■ PROMPT
Look through the material for lines with the word "pour", and copy each one.

■ MATERIAL PROVIDED
╔══

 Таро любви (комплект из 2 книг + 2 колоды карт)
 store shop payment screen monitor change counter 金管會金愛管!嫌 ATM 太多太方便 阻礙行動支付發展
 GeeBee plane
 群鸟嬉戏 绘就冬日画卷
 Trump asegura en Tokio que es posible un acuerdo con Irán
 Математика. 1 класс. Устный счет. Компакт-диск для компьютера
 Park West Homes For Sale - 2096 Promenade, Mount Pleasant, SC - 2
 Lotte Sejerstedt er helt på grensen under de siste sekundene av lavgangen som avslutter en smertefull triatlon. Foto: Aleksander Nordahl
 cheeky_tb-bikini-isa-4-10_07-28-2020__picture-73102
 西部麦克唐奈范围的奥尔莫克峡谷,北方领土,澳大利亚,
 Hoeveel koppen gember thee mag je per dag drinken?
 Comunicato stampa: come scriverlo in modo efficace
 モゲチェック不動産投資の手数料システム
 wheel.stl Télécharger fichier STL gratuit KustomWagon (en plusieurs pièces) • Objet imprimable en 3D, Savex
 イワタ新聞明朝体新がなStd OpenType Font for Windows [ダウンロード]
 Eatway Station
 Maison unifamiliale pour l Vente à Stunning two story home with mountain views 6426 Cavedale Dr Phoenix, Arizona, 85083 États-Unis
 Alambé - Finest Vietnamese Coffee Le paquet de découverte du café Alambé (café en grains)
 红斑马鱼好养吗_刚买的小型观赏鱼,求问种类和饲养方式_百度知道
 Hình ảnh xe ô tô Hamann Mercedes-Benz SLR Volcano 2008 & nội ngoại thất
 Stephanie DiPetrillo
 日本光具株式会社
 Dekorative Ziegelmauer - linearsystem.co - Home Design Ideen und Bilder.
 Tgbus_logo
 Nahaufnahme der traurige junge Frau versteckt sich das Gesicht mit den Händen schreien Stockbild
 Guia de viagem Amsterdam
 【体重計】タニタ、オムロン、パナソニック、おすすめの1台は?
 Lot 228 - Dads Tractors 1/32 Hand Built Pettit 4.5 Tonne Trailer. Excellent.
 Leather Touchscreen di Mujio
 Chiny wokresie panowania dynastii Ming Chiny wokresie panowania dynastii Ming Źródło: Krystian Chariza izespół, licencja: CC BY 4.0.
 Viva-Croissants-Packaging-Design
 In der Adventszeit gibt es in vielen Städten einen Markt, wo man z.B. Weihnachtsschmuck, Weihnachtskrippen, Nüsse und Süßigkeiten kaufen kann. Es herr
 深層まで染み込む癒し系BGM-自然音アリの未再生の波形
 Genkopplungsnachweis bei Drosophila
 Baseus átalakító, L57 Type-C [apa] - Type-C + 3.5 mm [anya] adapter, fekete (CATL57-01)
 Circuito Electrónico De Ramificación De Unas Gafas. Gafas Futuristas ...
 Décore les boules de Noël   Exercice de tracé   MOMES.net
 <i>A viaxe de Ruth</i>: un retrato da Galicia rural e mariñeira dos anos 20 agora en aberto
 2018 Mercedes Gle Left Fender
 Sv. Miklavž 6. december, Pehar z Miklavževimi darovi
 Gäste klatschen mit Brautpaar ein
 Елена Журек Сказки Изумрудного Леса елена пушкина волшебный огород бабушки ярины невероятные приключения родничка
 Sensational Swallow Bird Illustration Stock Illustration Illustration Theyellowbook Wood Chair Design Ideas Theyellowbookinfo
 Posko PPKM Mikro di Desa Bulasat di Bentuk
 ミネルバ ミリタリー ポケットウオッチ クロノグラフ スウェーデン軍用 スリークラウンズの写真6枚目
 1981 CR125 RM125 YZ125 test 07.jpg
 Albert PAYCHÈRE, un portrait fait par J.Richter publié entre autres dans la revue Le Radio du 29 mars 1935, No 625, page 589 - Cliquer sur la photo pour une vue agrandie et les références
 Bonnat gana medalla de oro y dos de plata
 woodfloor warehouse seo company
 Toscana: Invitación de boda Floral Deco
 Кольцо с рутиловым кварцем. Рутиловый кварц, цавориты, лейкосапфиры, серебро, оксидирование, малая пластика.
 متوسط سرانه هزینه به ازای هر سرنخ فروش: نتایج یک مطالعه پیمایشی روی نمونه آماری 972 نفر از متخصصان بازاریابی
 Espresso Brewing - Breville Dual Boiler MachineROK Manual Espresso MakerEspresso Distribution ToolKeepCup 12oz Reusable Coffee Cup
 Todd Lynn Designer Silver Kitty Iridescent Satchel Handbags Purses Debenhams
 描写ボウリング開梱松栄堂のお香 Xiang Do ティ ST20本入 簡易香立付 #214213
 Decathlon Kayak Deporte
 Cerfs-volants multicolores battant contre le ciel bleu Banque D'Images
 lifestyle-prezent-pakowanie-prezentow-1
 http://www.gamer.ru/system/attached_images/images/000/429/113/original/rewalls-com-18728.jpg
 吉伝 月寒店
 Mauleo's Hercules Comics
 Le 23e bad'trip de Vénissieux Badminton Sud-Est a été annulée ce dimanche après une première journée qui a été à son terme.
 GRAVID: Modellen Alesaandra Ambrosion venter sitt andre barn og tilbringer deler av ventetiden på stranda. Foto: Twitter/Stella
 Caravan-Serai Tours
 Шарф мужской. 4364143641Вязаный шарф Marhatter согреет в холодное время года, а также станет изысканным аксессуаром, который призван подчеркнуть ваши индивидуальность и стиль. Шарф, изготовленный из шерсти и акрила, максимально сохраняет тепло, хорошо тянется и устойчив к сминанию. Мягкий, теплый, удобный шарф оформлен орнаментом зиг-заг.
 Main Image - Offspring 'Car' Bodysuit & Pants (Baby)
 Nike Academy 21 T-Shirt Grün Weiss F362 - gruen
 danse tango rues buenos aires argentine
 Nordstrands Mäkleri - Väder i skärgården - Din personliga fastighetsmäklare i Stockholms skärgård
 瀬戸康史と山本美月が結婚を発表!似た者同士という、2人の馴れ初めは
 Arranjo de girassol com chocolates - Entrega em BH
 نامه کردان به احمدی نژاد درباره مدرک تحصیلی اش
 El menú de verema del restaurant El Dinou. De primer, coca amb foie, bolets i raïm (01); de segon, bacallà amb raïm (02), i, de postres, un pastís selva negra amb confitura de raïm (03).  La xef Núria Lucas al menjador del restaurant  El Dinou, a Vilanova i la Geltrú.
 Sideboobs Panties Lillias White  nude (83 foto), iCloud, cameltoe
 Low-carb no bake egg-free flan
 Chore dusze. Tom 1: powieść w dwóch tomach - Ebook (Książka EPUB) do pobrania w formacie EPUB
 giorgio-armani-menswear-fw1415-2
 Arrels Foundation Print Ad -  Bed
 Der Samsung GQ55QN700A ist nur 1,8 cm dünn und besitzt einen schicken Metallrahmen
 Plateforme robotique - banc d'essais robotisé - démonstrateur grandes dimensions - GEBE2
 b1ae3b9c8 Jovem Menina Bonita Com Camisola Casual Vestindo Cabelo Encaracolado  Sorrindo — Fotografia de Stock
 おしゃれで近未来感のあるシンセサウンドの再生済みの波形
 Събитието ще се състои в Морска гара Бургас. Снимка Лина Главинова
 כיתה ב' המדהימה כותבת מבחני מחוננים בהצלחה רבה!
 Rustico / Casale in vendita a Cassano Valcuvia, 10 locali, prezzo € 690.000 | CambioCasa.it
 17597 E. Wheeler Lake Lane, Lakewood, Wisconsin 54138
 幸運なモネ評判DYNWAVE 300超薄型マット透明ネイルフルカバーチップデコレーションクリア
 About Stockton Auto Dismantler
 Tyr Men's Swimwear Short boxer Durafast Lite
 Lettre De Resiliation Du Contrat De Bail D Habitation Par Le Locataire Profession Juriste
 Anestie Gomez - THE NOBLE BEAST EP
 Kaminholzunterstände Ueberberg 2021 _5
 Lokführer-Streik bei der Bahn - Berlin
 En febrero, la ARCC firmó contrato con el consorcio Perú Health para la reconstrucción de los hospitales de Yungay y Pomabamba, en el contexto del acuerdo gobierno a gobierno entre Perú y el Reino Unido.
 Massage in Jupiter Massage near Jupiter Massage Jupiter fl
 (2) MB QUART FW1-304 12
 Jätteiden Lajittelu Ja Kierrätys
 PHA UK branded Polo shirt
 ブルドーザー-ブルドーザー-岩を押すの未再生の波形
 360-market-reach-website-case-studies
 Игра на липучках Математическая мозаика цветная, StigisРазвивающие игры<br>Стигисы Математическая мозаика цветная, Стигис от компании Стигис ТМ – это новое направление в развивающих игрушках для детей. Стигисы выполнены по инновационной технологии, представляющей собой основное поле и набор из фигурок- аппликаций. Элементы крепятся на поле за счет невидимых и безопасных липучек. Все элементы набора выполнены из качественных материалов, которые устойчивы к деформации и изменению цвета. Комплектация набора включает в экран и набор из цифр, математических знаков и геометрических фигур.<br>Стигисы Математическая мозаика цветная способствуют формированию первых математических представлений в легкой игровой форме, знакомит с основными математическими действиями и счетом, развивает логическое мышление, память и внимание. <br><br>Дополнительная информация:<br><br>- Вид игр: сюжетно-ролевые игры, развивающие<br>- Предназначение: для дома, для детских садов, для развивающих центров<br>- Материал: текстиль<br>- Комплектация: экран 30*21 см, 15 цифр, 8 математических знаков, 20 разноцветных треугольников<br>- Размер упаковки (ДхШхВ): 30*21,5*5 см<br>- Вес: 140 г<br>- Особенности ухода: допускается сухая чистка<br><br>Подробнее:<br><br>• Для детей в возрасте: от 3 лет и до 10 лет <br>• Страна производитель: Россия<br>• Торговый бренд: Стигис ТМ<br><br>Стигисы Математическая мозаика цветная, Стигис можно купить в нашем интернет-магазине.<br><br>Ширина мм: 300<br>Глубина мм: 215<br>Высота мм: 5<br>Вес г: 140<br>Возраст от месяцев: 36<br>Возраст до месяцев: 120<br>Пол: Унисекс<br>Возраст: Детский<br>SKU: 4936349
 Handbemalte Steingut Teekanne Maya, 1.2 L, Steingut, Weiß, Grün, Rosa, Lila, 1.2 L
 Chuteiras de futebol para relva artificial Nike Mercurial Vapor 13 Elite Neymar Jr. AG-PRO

╚══

■ SOLVED PROBLEM
 Maison unifamiliale pour l Vente à Stunning two story home with mountain views 6426 Cavedale Dr Phoenix, Arizona, 85083 États-Unis
 Albert PAYCHÈRE, un portrait fait par J.Richter publié entre autres dans la revue Le Radio du 29 mars 1935, No 625, page 589 - Cliquer sur la photo pour une vue agrandie et les références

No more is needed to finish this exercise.